Task description: Your copy of the data should leave out the images and match everything else exactly.

Data below:
################
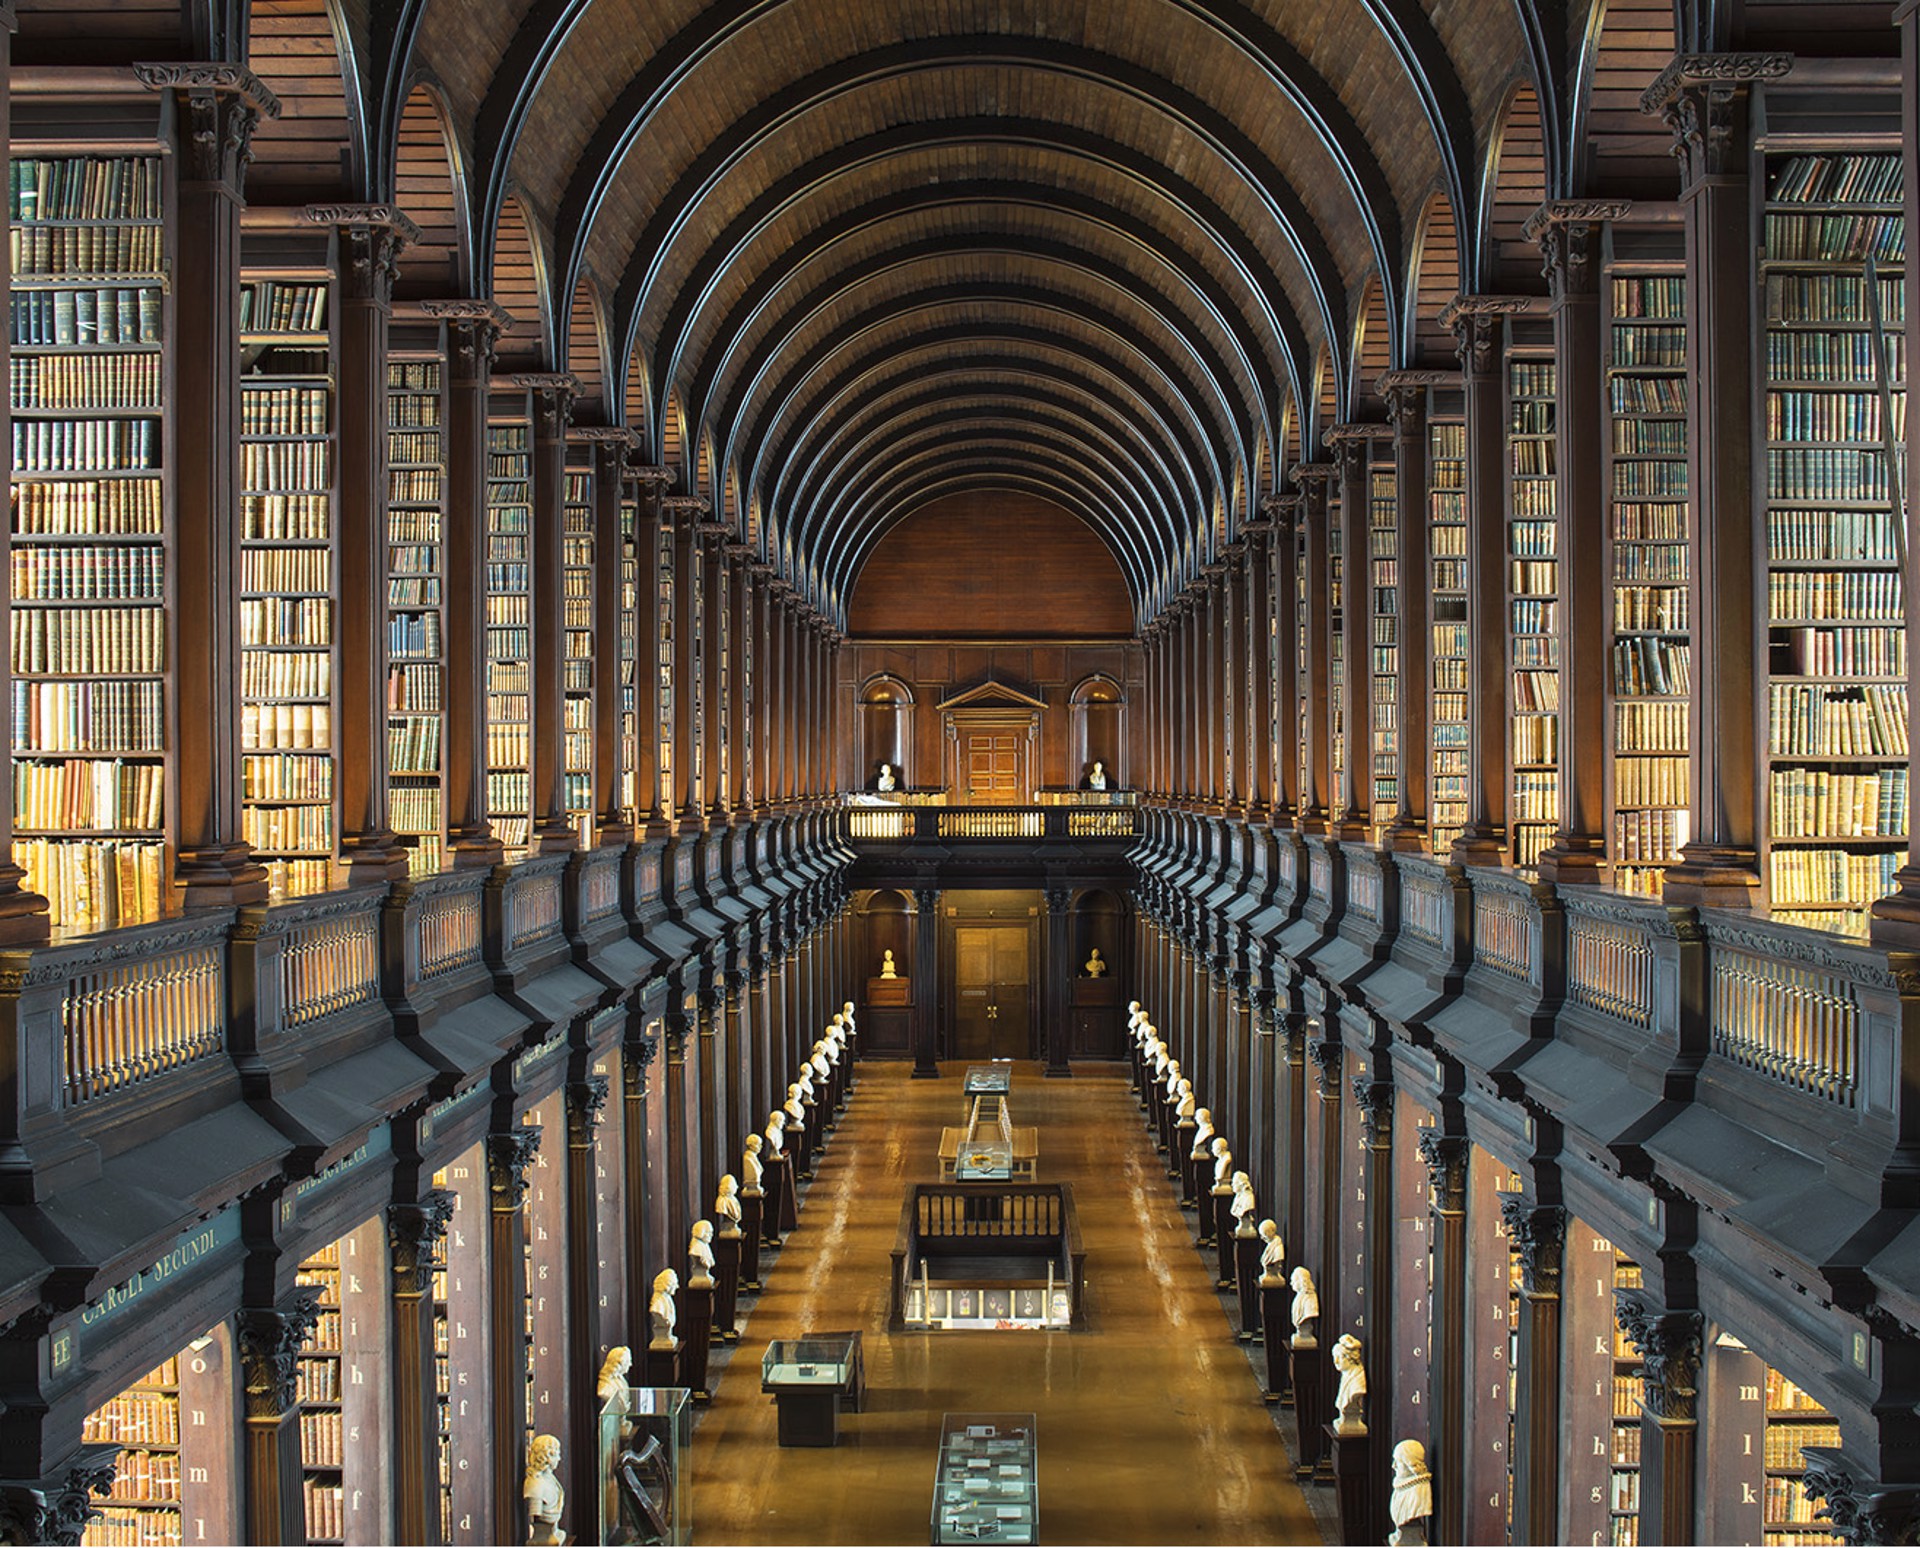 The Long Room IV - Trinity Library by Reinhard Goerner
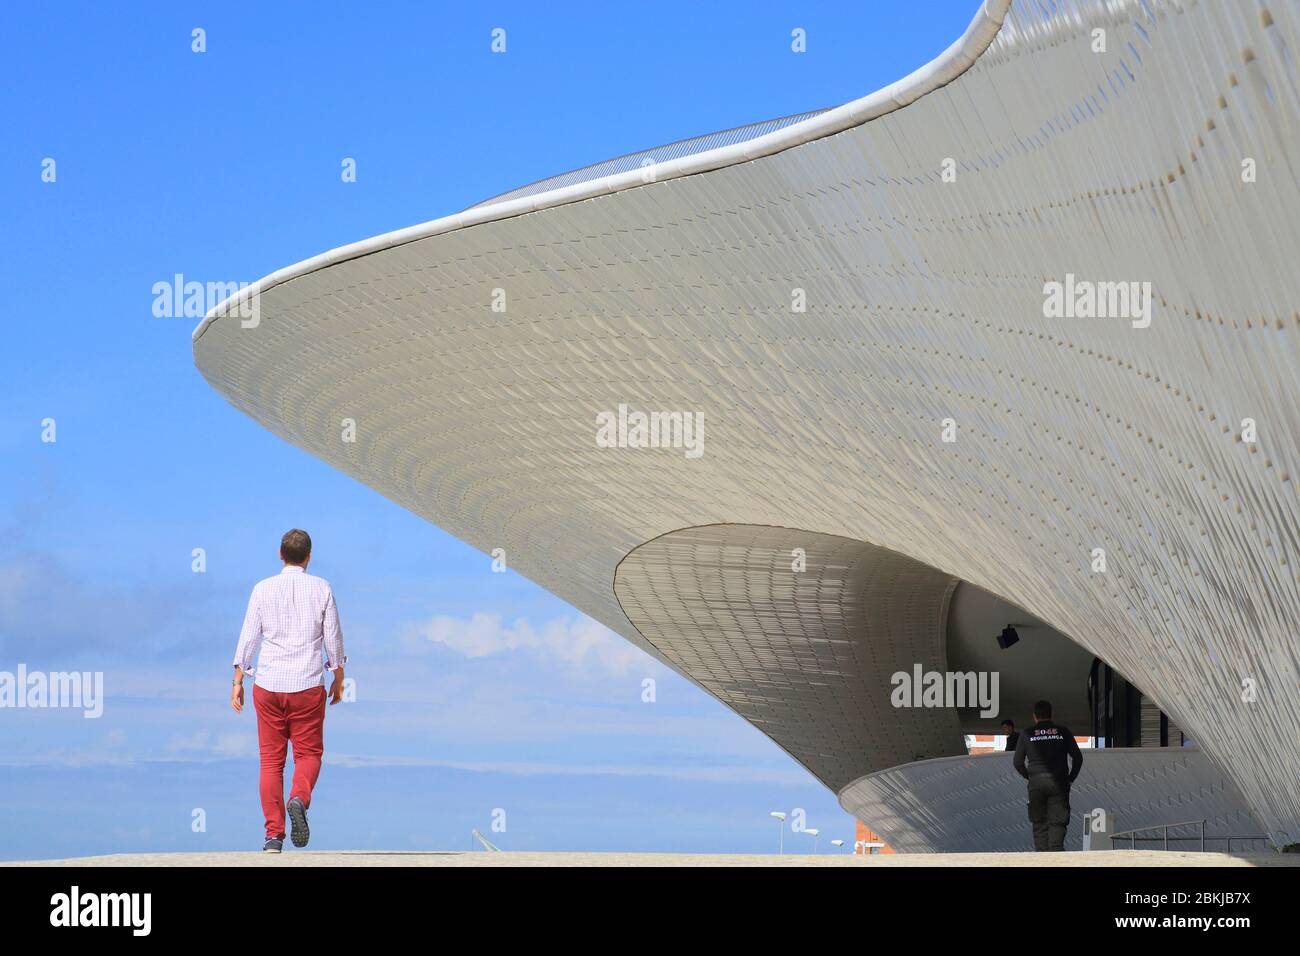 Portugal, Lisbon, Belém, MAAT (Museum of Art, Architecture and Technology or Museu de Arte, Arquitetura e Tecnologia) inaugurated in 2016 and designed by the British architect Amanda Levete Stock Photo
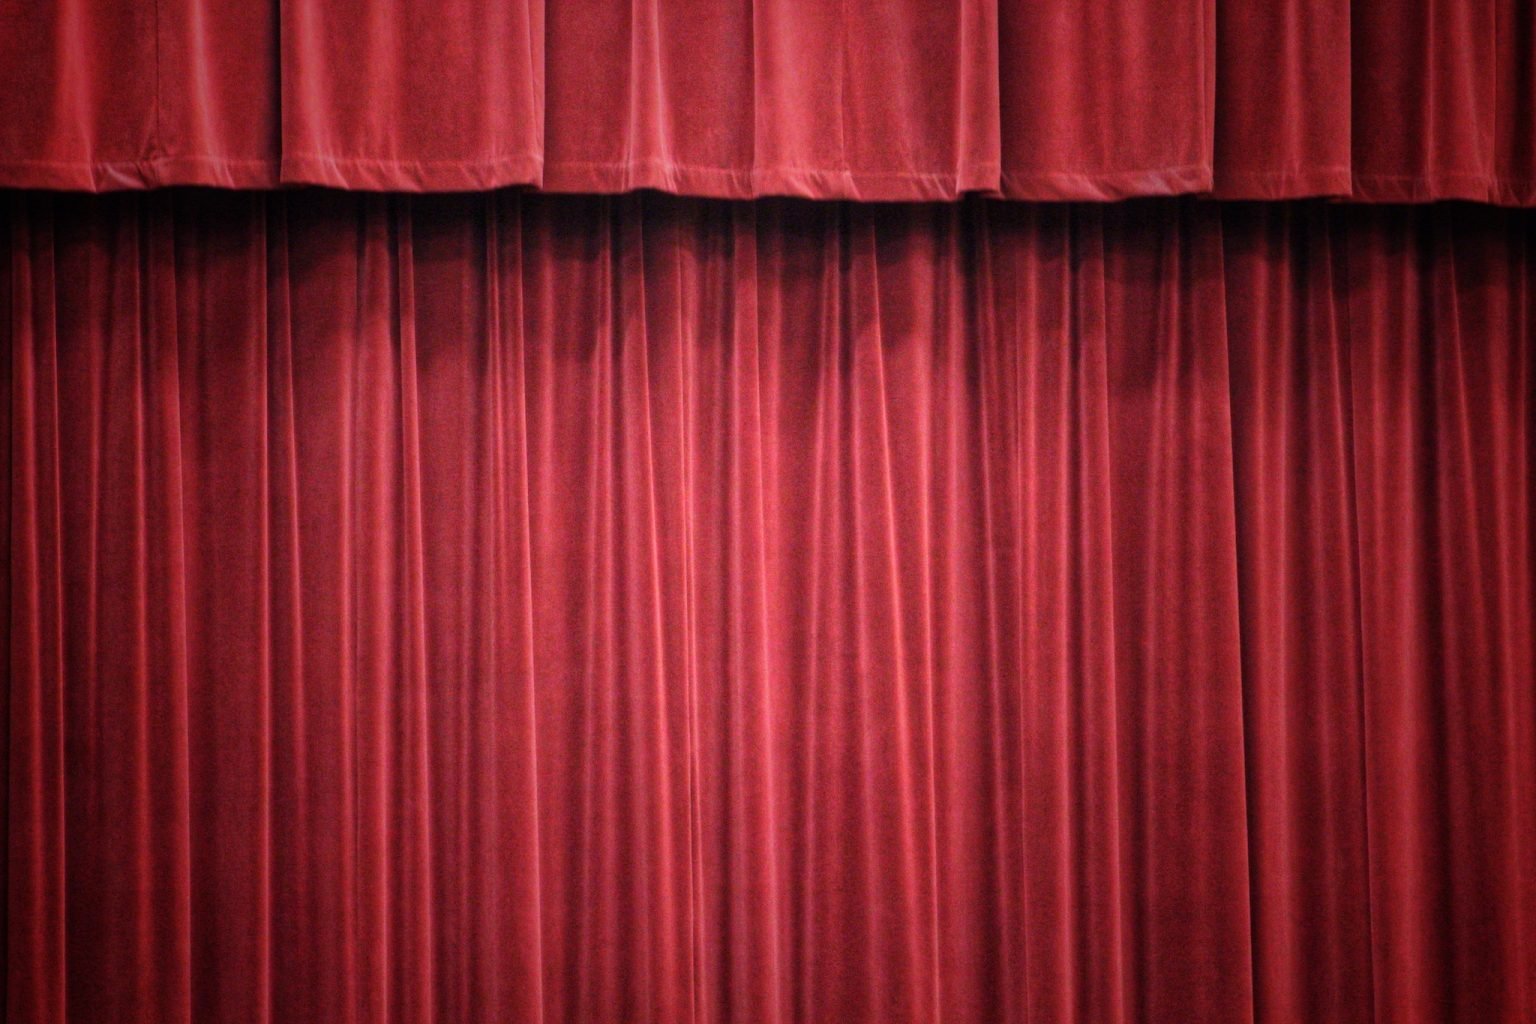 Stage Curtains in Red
################
Worked solution:
 The Long Room IV - Trinity Library by Reinhard Goerner
 Portugal, Lisbon, Belém, MAAT (Museum of Art, Architecture and Technology or Museu de Arte, Arquitetura e Tecnologia) inaugurated in 2016 and designed by the British architect Amanda Levete Stock Photo
 Stage Curtains in Red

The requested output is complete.